1.3 Research highlights

This paper addresses issues related to climate change, global warming and in particular maximum temperature extremes in the Limpopo province of South Africa. The study is based on combining two main approaches; bivariate conditional extremes model (Heffernan and Tawn 2004; Keef et al. 2013; Southworth et al. 2020) and time-varying threshold (Sigauke and Bere 2017). Conditional extremes modelling is crucial in the study of the dependence structure among several variables. Conditioning on one variable helps to understand the significant positive (or negative) extremal dependence of the remaining variables on the large values of the conditioning variable. This paper presents an application of bivariate threshold excess modelling approach with a positive shift factor as a time-varying threshold to the monthly maximum temperature extremes in four meteorological stations of Limpopo province in South Africa namely Mara, Messina, Polokwane and Thabazimbi. Among the major findings were the significant strong positive extremal dependence of Thabazimbi on large temperature values of Mara and the strong negative extremal dependence of Polokwane on large temperature values of Messina.

The main contribution of this paper is in using a penalised cubic smoothing spline to perform a nonlinear detrending of the temperature data prior to fitting bivariate threshold excess models based on Laplace margins to positive residuals above the threshold and a positive shift factor as a time-varying threshold to capture the climate change or seasonality and/or cyclic effects in the data. The existing gap in the literature was in combining these two approaches using conditional extremes dependence modelling. The overall significance of this bivariate conditional extremes dependence modelling study lies on quantifying the dependence effects of maximum temperature extremes amongst the various meteorological stations in order to reveal some useful information needed for planning by climatologists, meteorologists, agriculturalists, decision-makers and planners in the energy sector.

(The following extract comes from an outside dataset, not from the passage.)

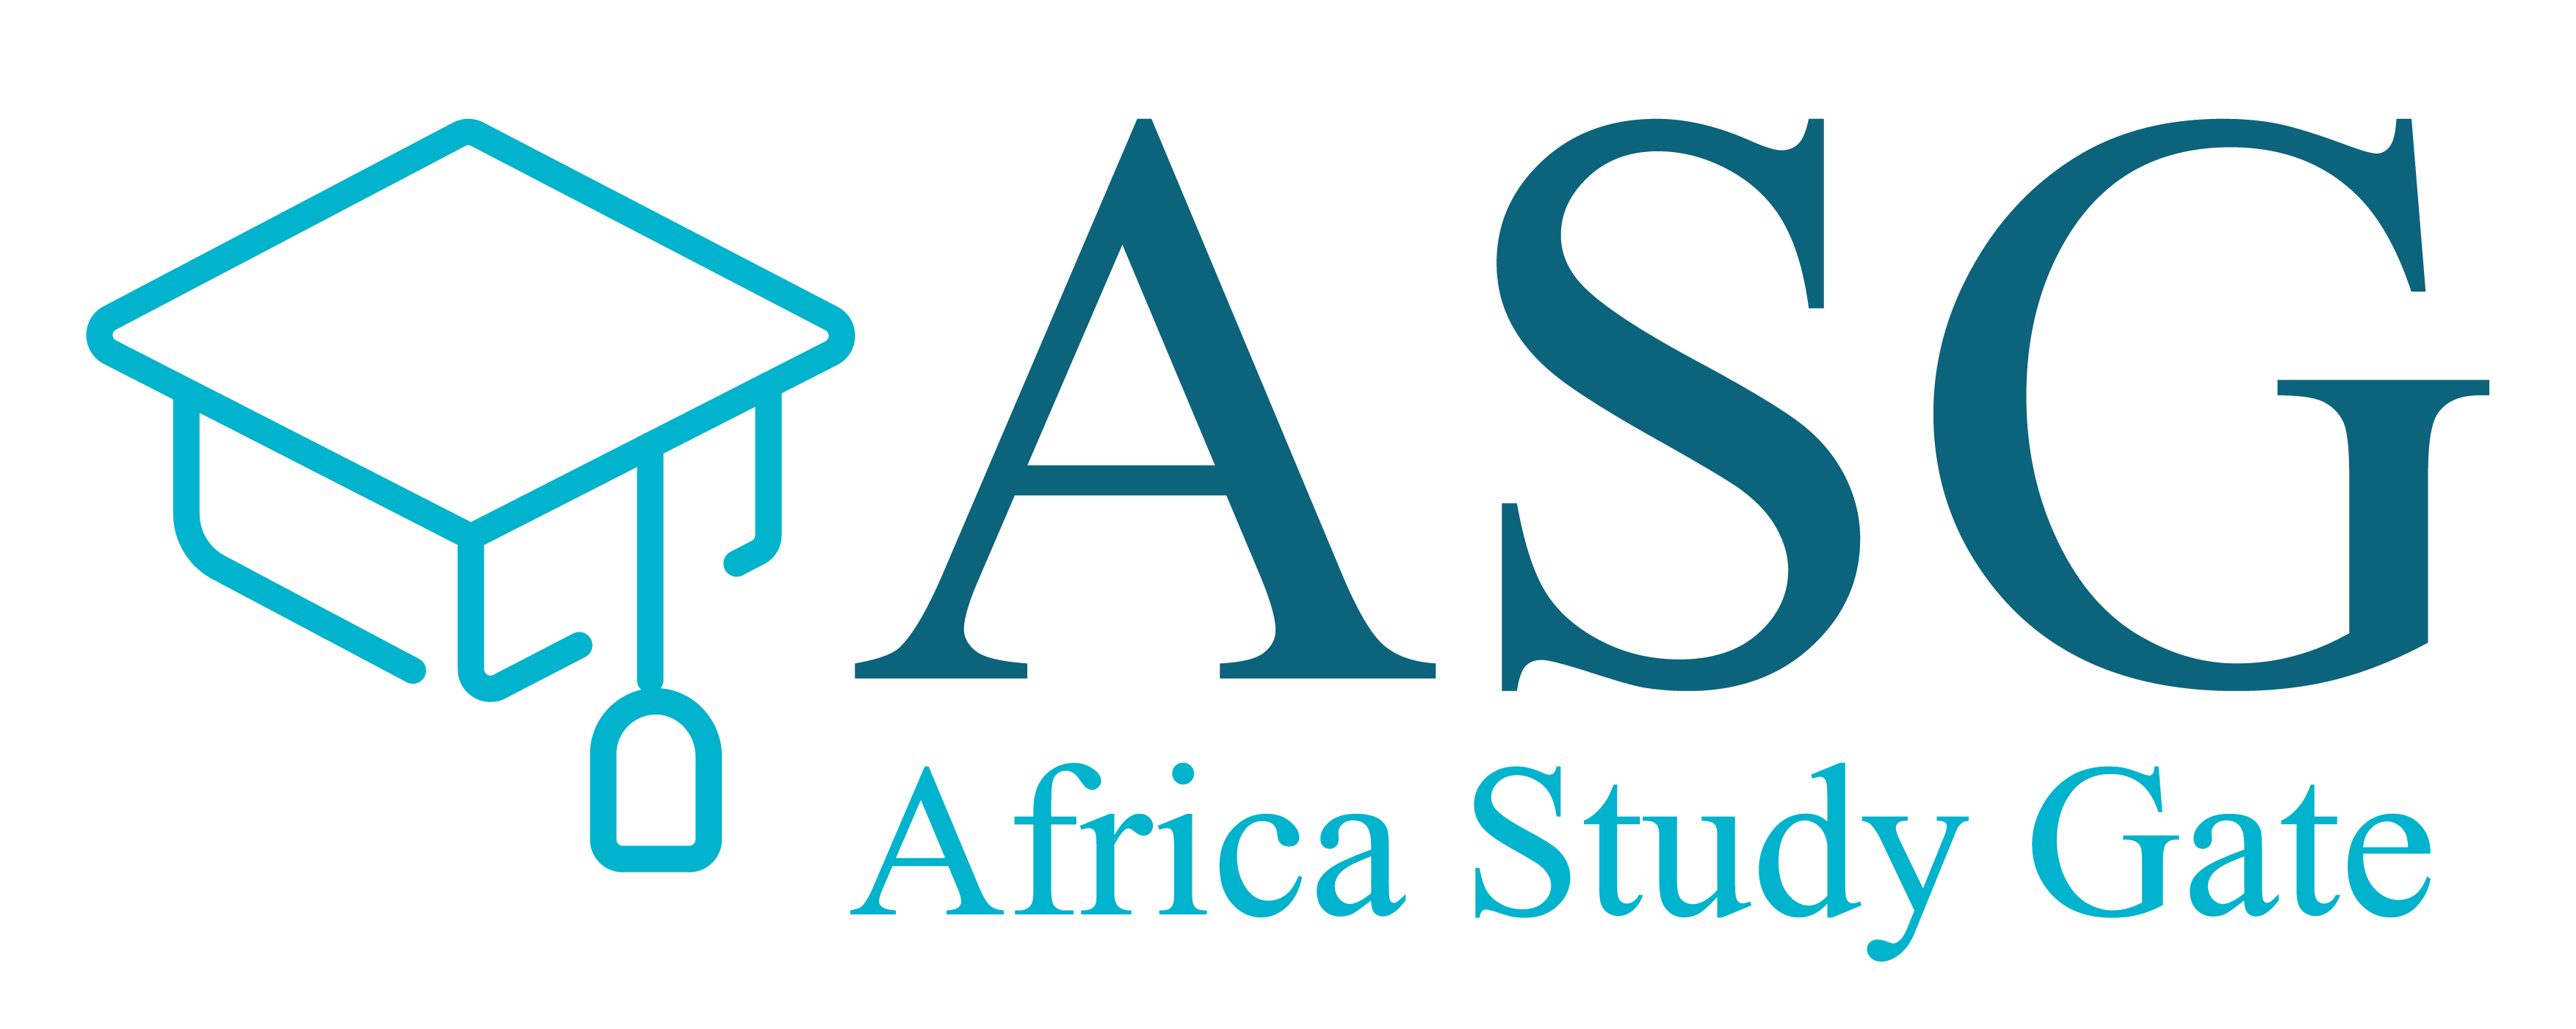 Africa Study Gate

The rest of the paper is organised as follows: Sect. 2 gives the theoretical framework of the statistical models considered in this study which include conditional multivariate extreme value modelling, threshold selection, bivariate threshold excess model, Laplace marginal transformation, as well as the data and variables. Sect. 3 presents empirical results and a comprehensive discussion of the results. The concluding remarks and areas for future research are presented in Sect. 4.

2 Models

2.1 Conditional multivariate extreme value modelling

Some joint tail models, copulas and other multivariate extreme methods assume that all the variables should be very large at the same time. This limitation is overcome by the use of conditional extremes model (CEM) (Heffernan and Tawn 2004; Keef et al. 2013; Tilloy et al. 2020). With the CEM, we seek to estimate among variables the dependence structure in which one variable is conditioned on being extreme and seeks to model the conditional distribution (Heffernan and Tawn 2004; Keef et al. 2013).

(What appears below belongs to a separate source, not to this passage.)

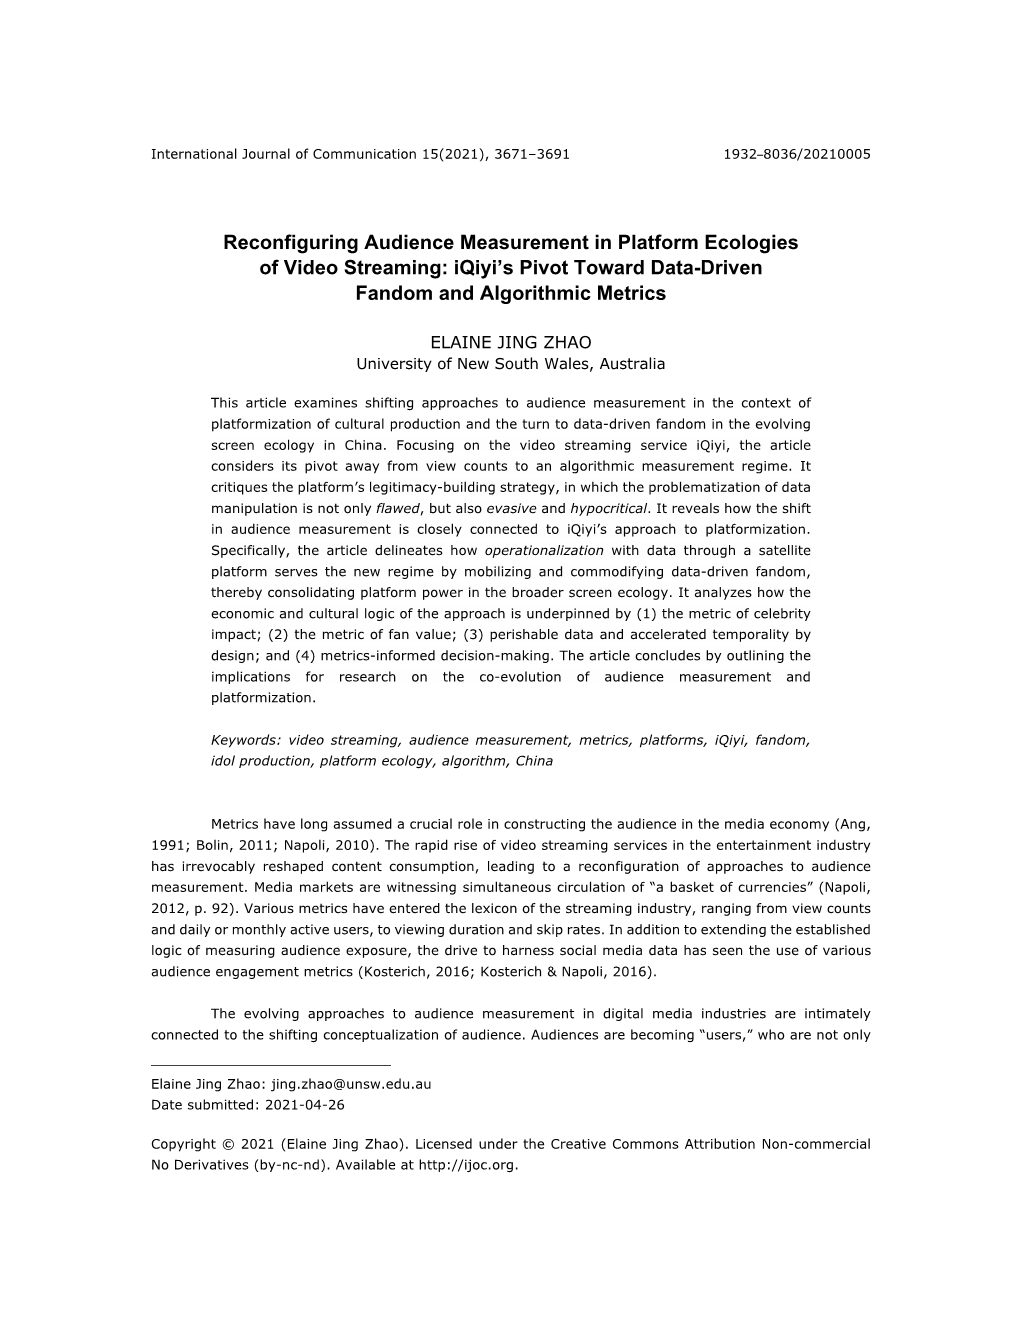 Reconfiguring Audience Measurement in Platform Ecologies of Video Streaming: Iqiyi’S Pivot Toward Data-Driven Fandom and Algorithmic Metrics

In this study, we adopt the Heffernan and Tawn (2004) methodology which uses a conditional multivariate approach. In this approach, the dependence structure is estimated after fitting the GPD first to the tails of the marginal distributions. The bivariate case is considered in this study, that is, given the threshold excesses of temperature, the conditional multivariate approach describes the temperature conditional distribution using a regression type model (Heffernan and Tawn 2004; Keef et al. 2013).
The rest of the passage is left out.